Hacker News new | ask | show | jobs
by dom0 3302 days ago
Most programming languages are context-sensitive [1] (at least with unbounded nesting), so parsing them correctly and efficiently is mathematically impossible. All practical implementations have to take shortcuts.

[1] Mainly due to begin..end blocks, curly braces or indentation (as in Python)

2 comments

Are most programming languages really context-sensitive? or aren't they mostly context-free?

My days of fiddling with writing parsers are long ago (https://www.codeproject.com/Articles/7035/A-Java-Language-ID...) but if I remember correctly most languages aim for at most a LL(2) grammar, meaning they are designed so the parser doesn't have to peek more than two tokens ahead before being able to make a correct determination.

C has some fun ones:

a * b;

Is either: a times b if a is a var, or declare a varible b with type a.

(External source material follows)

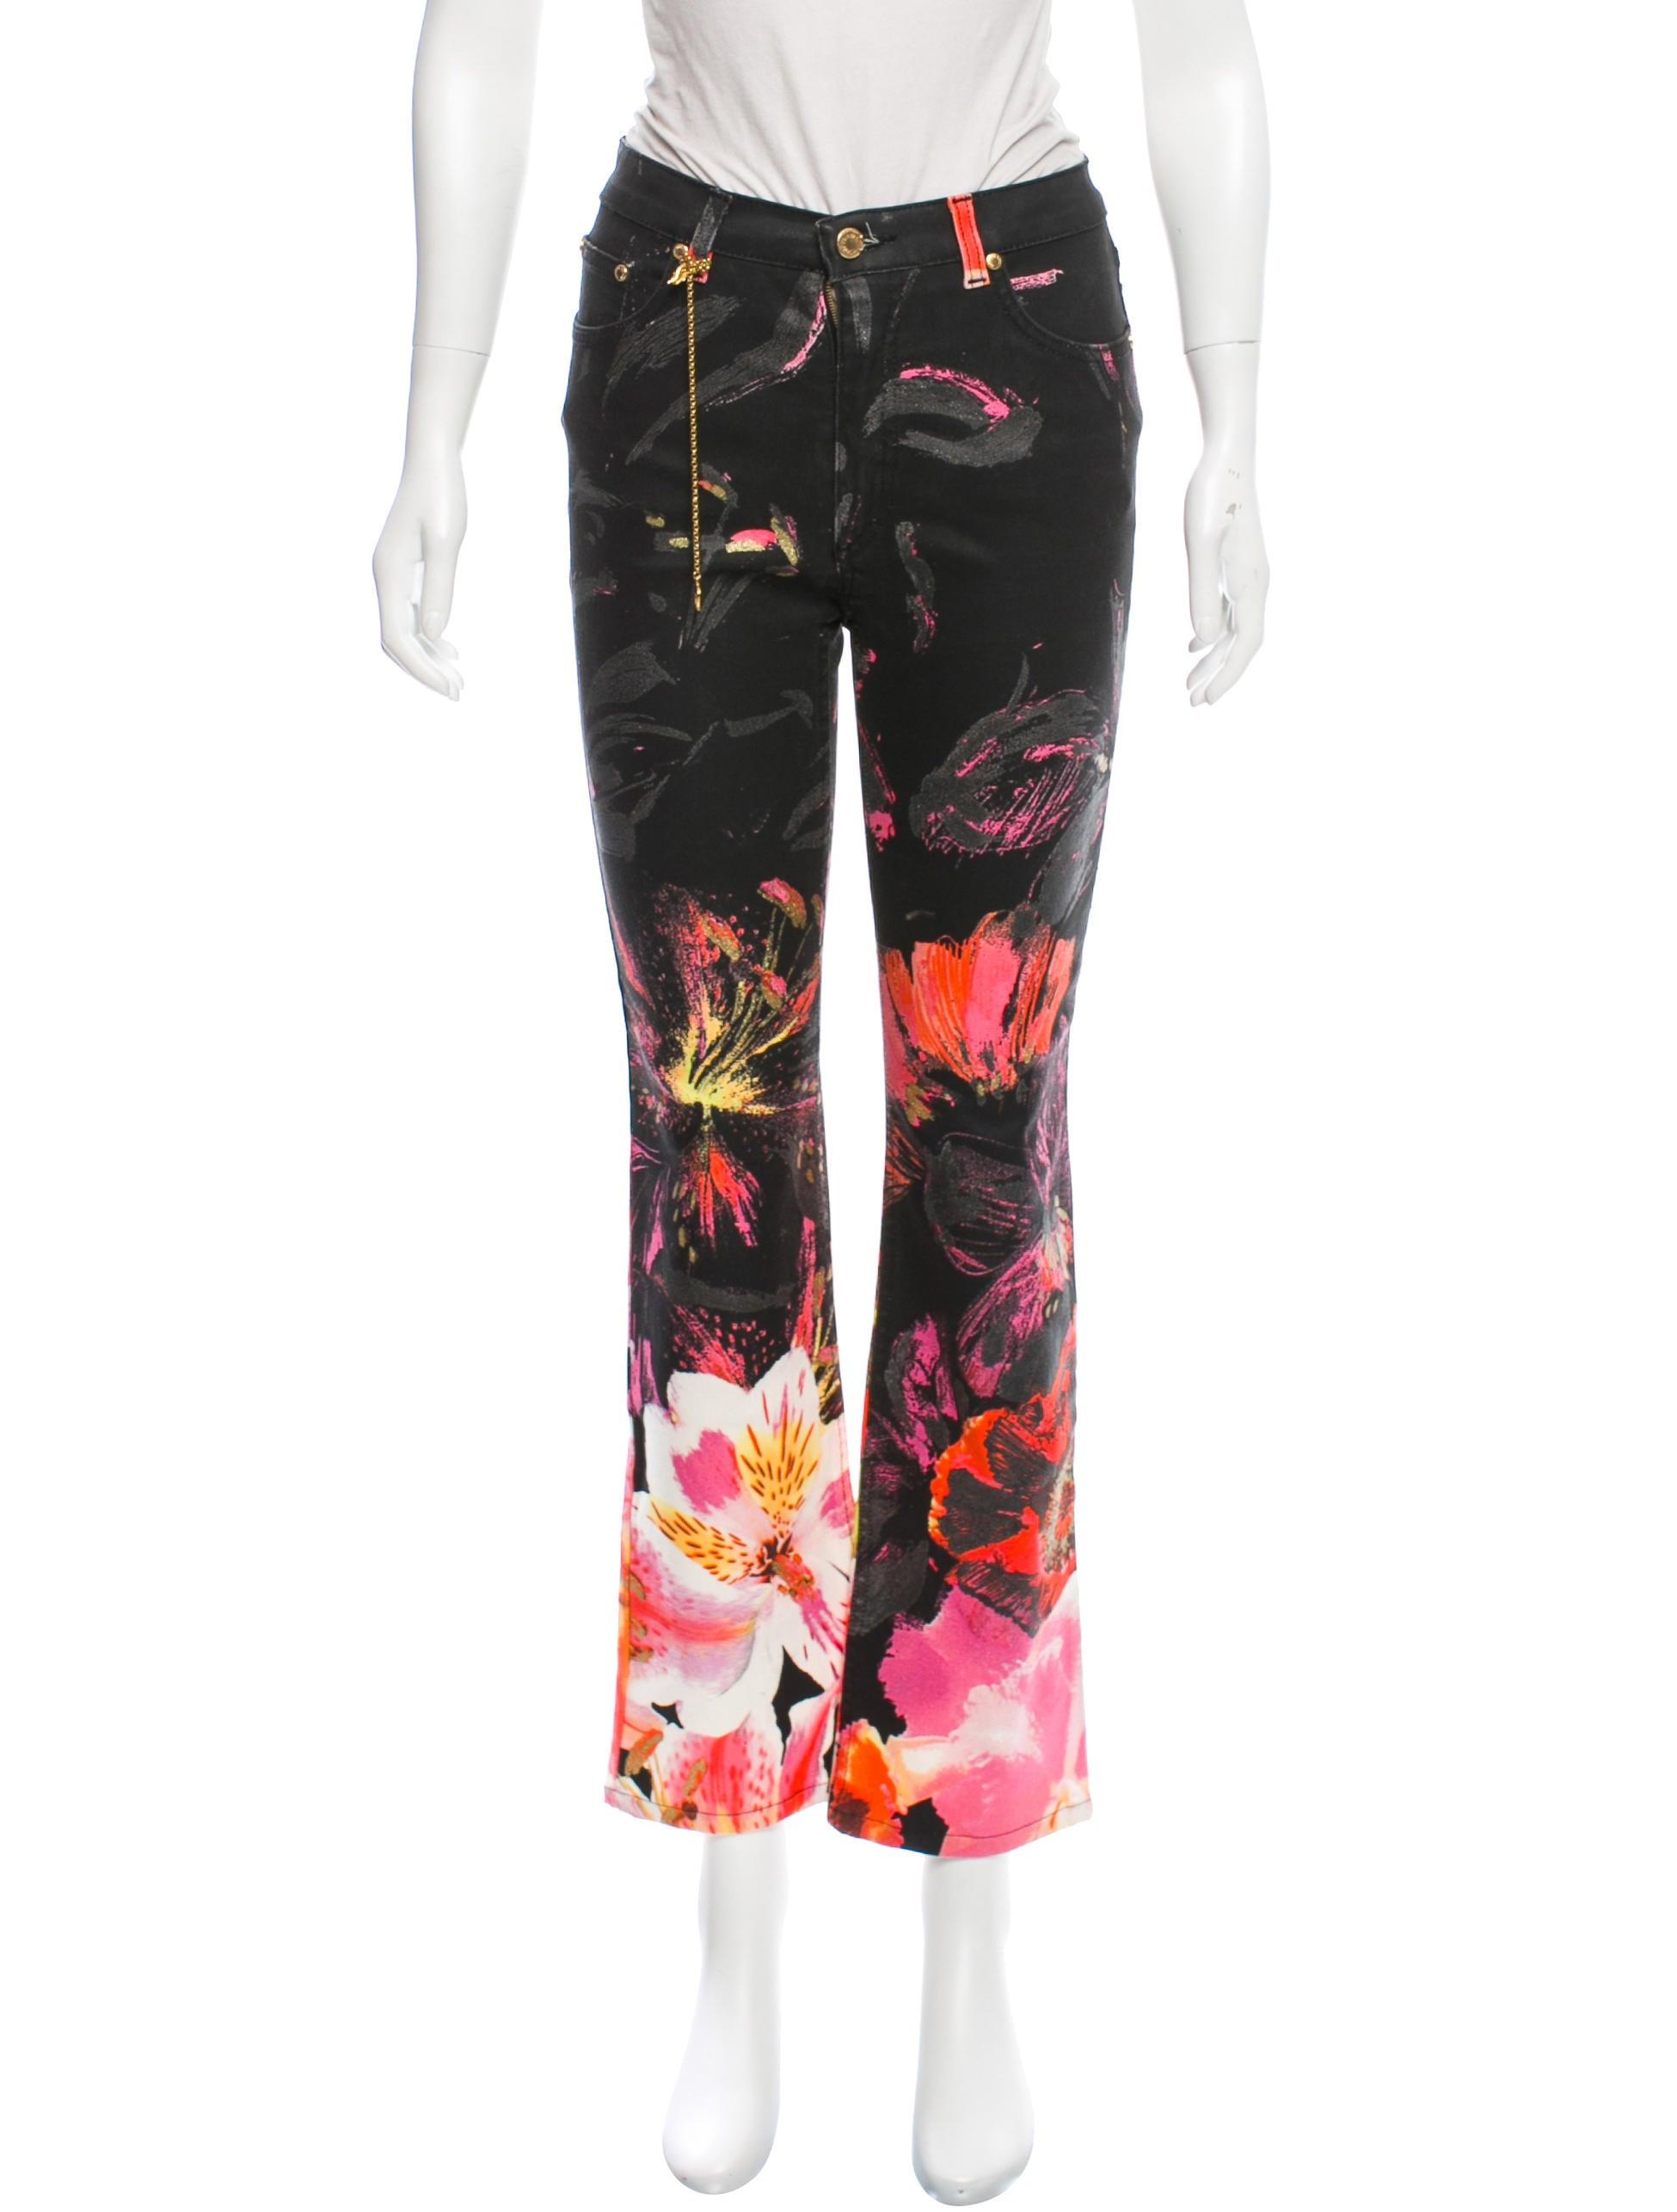 1f7c317f98f7d Roberto Cavalli Floral Print Mid-Rise Jeans - Clothing - ROB46975 ...
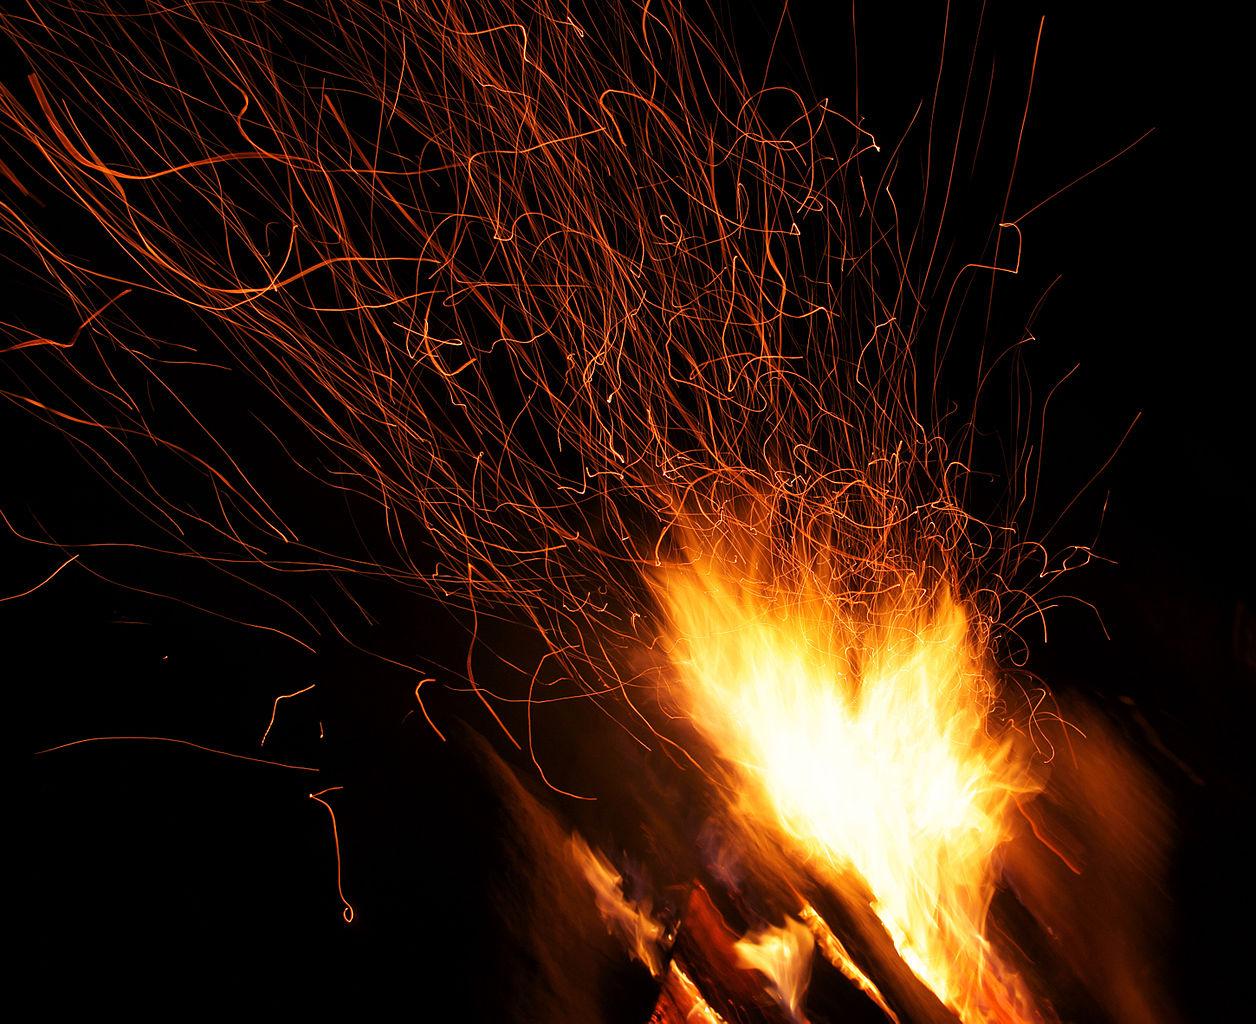 Uplifting the Fallen Sparks – Chanukah 2014

If a is a typedef.

Also:

some_type b = {a, b, c, d};

Is only valid if some_type is an array or a struct. Which is possibly defined elsewhere in the source.

(I tend to see this syntax in some code bases (some_type) { a, b, c, d }, which is a bit better).

Context free grammars are perfectly capable of expressing matched curly braces, even with unbounded nesting. Am I missing something?
Yes, thinking about it that alone is not sufficient. Still, I'd claim that most languages are not context free.

CPP (Pre-processor) aside, C is not context free due to typedef making identifiers ambiguous. Also if-then-else? Since C++ templates are turing-complete, the grammar is probably unrestricted.

Python is not context free due to

    if ...:
        stmt1
        if ...:
           stmt2
        stmt3
stmt3 and stmt1 have to share the same level of indentation to form a valid Python program, but they might contain arbitrary indentation within brackets.